President Tusk’s Explanatory Remarks
President Tusk wrote to the members of the European Council on 17 October 2017, prior to their meeting on 19-20 October, setting out his proposals for the Leaders’ Agenda, under three guiding principles:
Based on my consultations, it is clear that, while delivering on what we agreed in Bratislava and Rome, there is also a willingness to reinvigorate and enrich our work, including by drawing on new ideas. In doing so, I would like us to be guided by three principles.
Firstly, we should focus on practical solutions to EU citizens’ real problems. This means changes – not just for the sake of change, but in order to bring back a sense of stability, security and predictability in people’s lives as well as faith in the future.
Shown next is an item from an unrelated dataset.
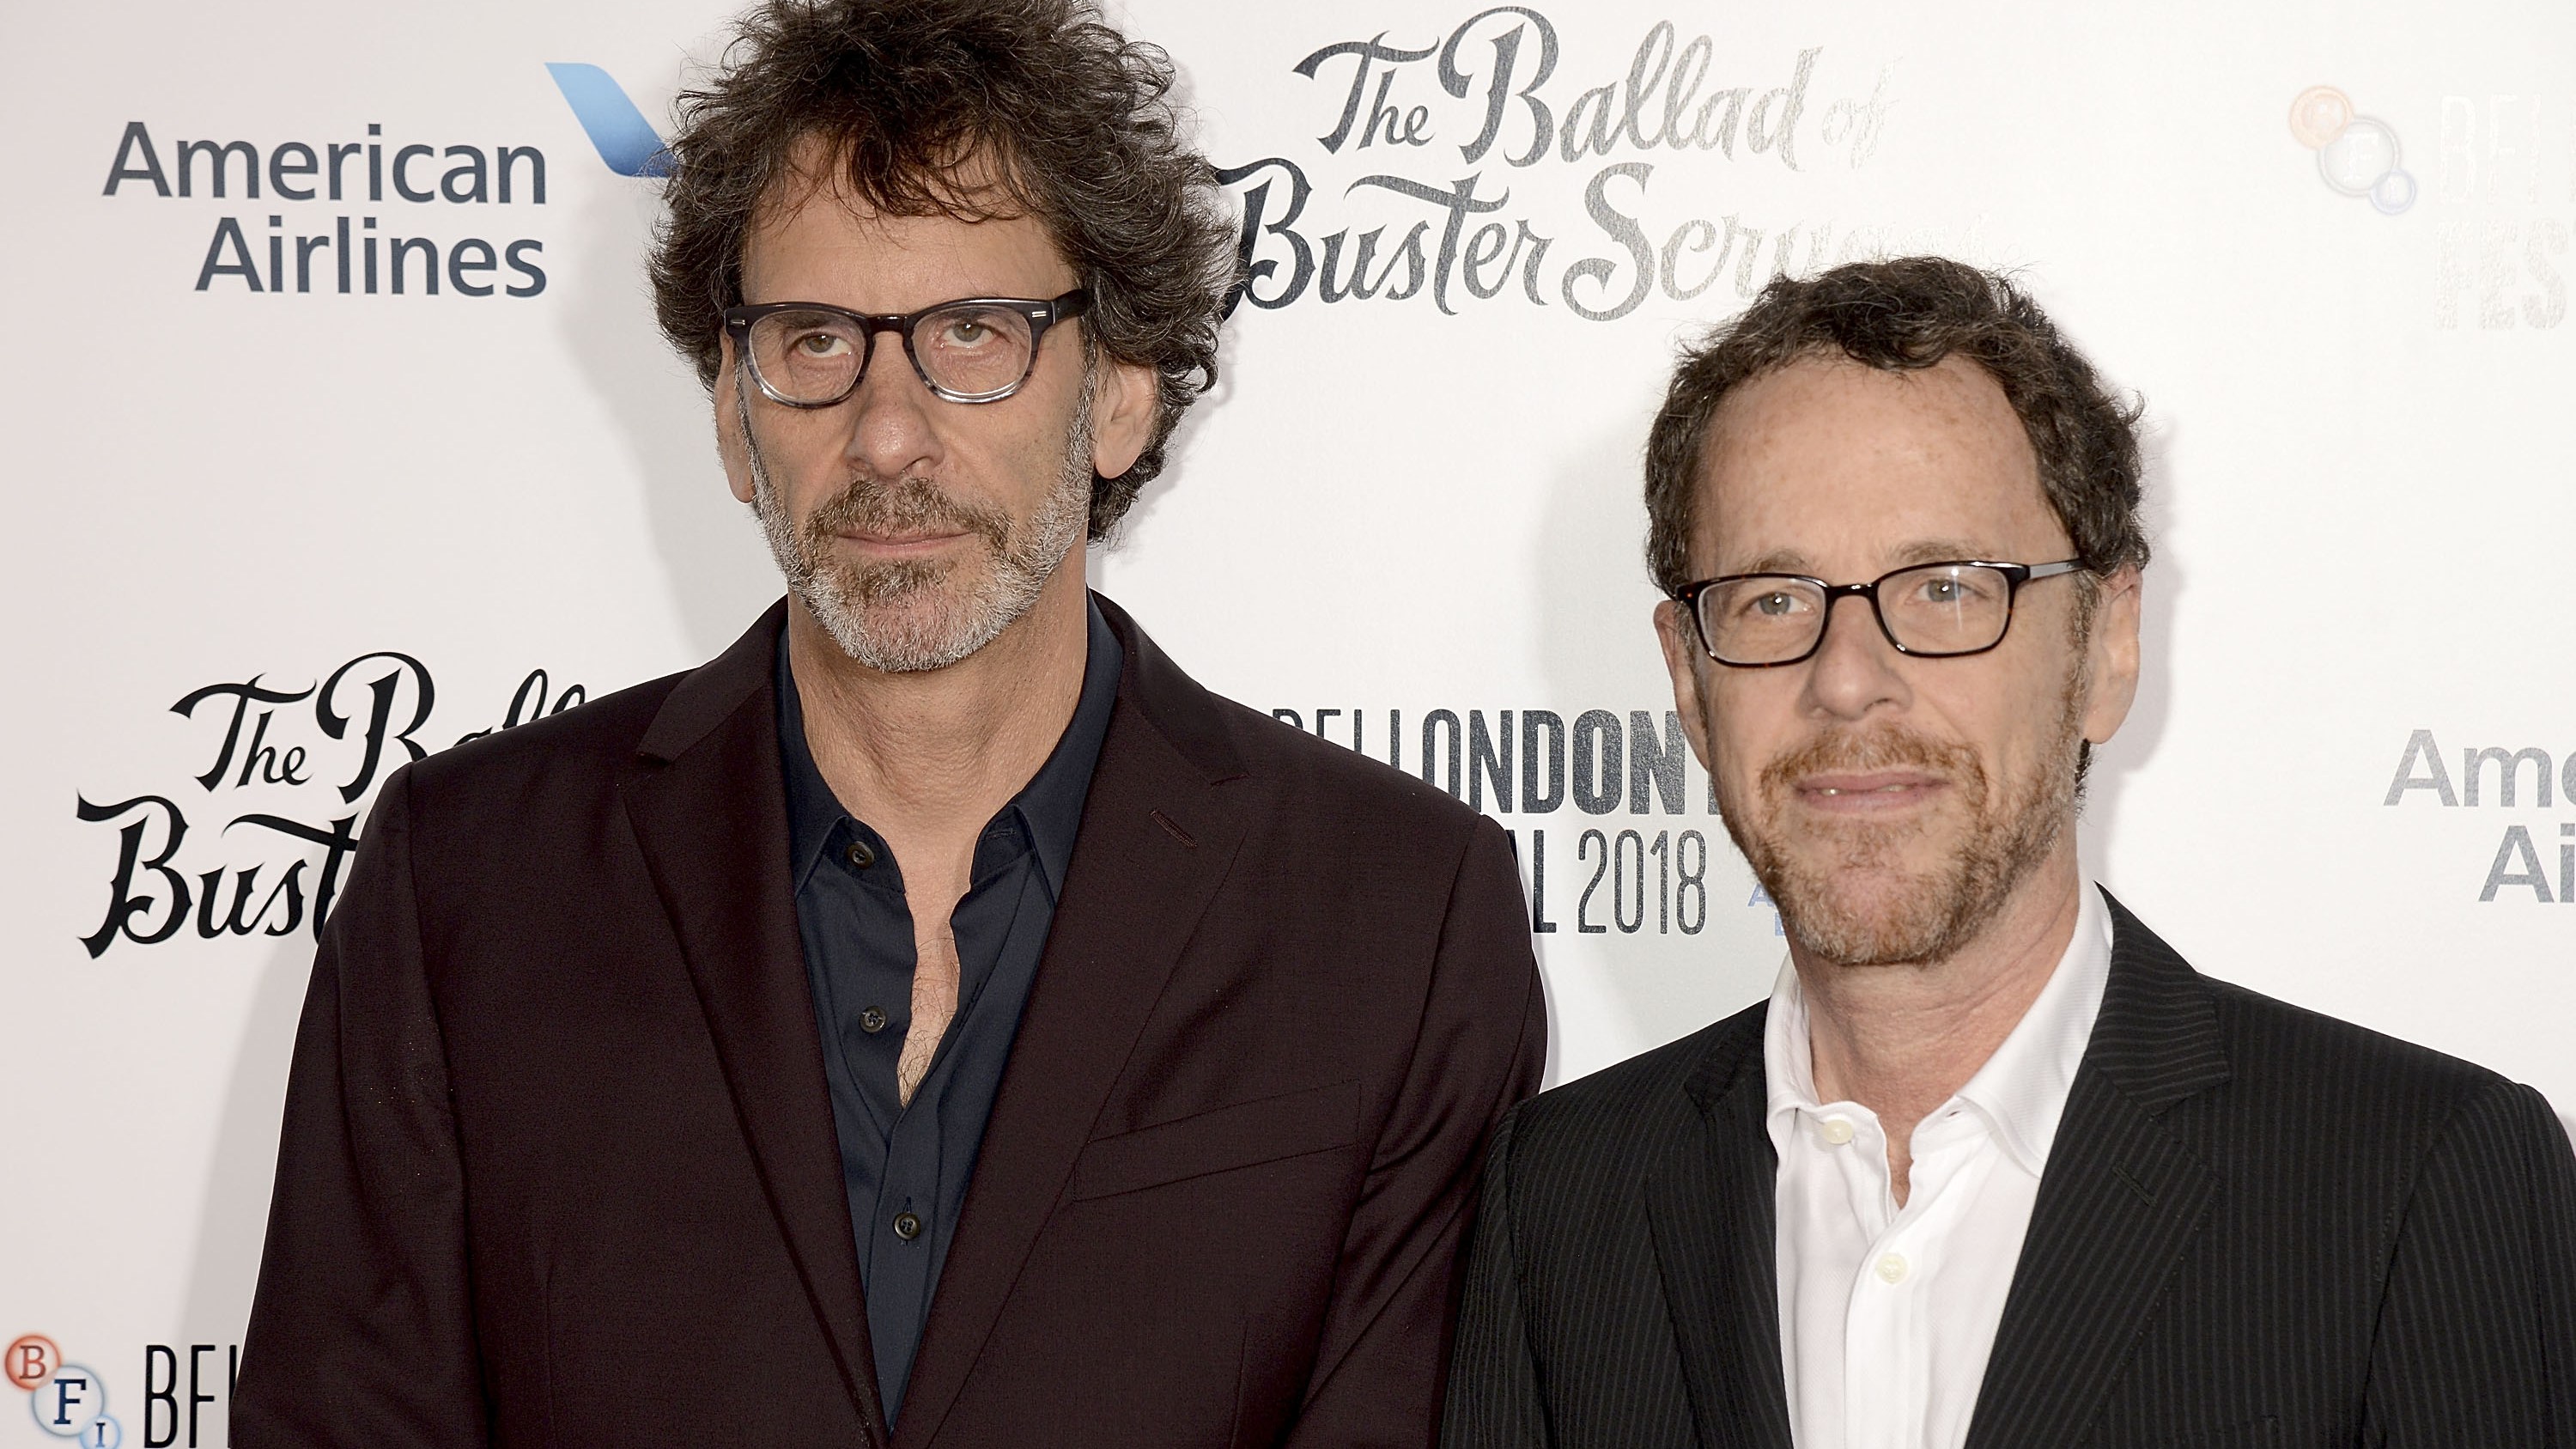 Ethan Coen and Joel Coen attend the UK Premiere of "The Ballad of Buster Scruggs" in 2018
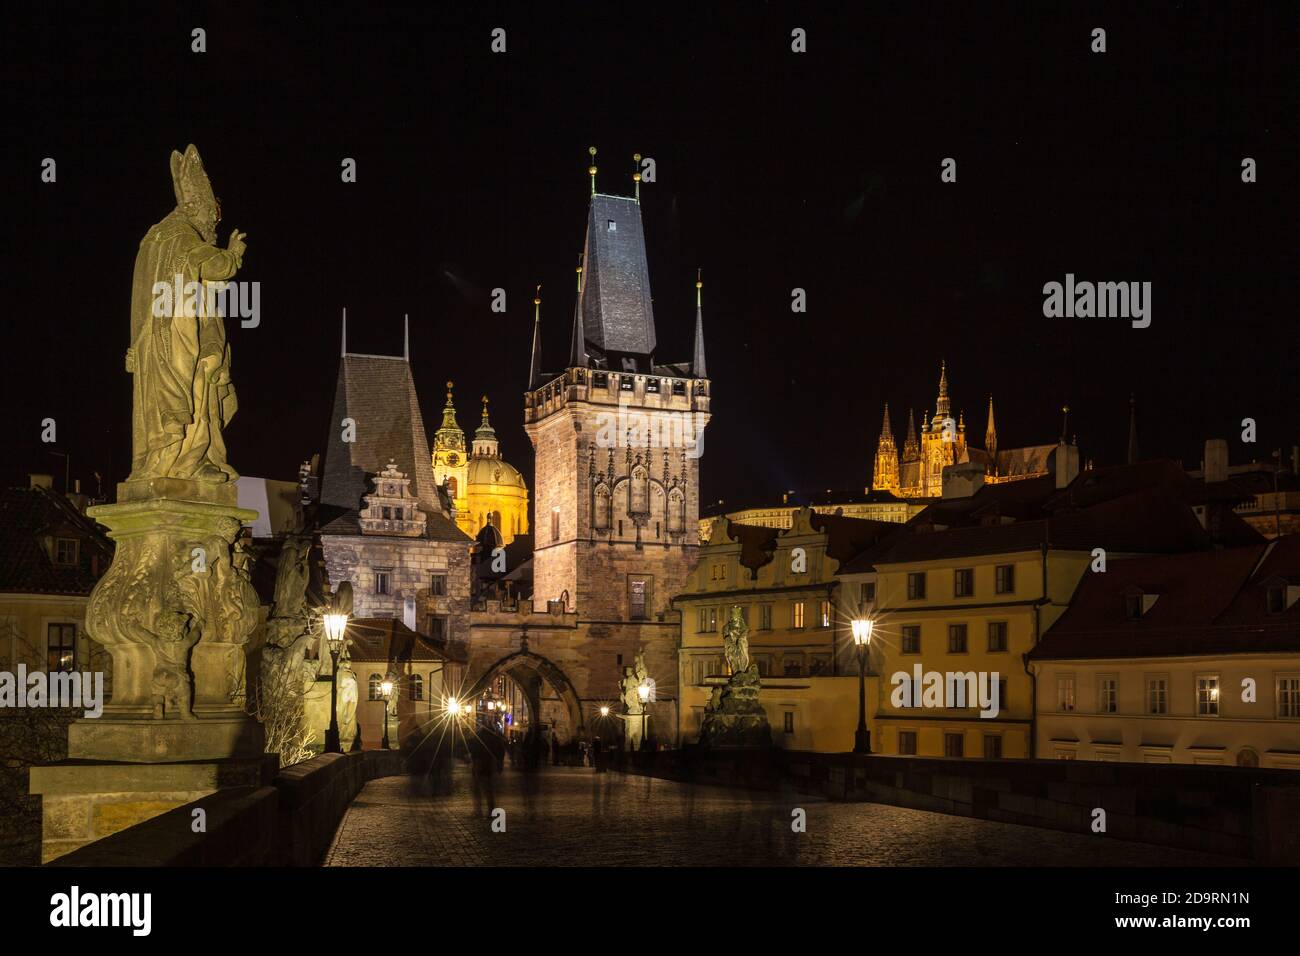 Beautiful night view of the light illuminated Prague Castle and St. Vitus Cathedral in Mala Strana old town by Vltava River from Charles Bridge, Pragu Stock Photo

Institutional innovation can in some cases be a means to an end, but we should be careful not to get bogged down in unnecessary institutional or theoretical debates.
Secondly, we should proceed step by step. Some matters are ripe for decisions now, and should therefore be dealt with straightaway, with speed, ambition and determination, so as to ensure real progress. Other matters will need to be further prepared, before we can debate them.
Thirdly, we should preserve the unity that we have managed to develop over the past year. We need this unity in order to solve the migration crisis, to tackle unfair aspects of globalisation, to deal with aggressive third countries, to limit the damage caused by Brexit as well as to preserve the rules-based international order in these difficult times. We can only confront today’s uncertainties if we act in unison, since individual countries are too small to cope with them on their own. Some might say that I am obsessed with unity, but I am deeply convinced – not only because of my job, but above all due to my personal experience – that European unity is our greatest strength.
Therefore, the overall framework for our decisions should continue to be in meetings with 27 or 28 Member States, depending on the subject. As we set out in the Rome Declaration, this approach does not prevent Member States moving forward more rapidly in specific areas, in accordance with the Treaties, while keeping the door open for those who want to join later. To be clear, unity cannot become an excuse for stagnation, but at the same time ambition cannot lead to divisions.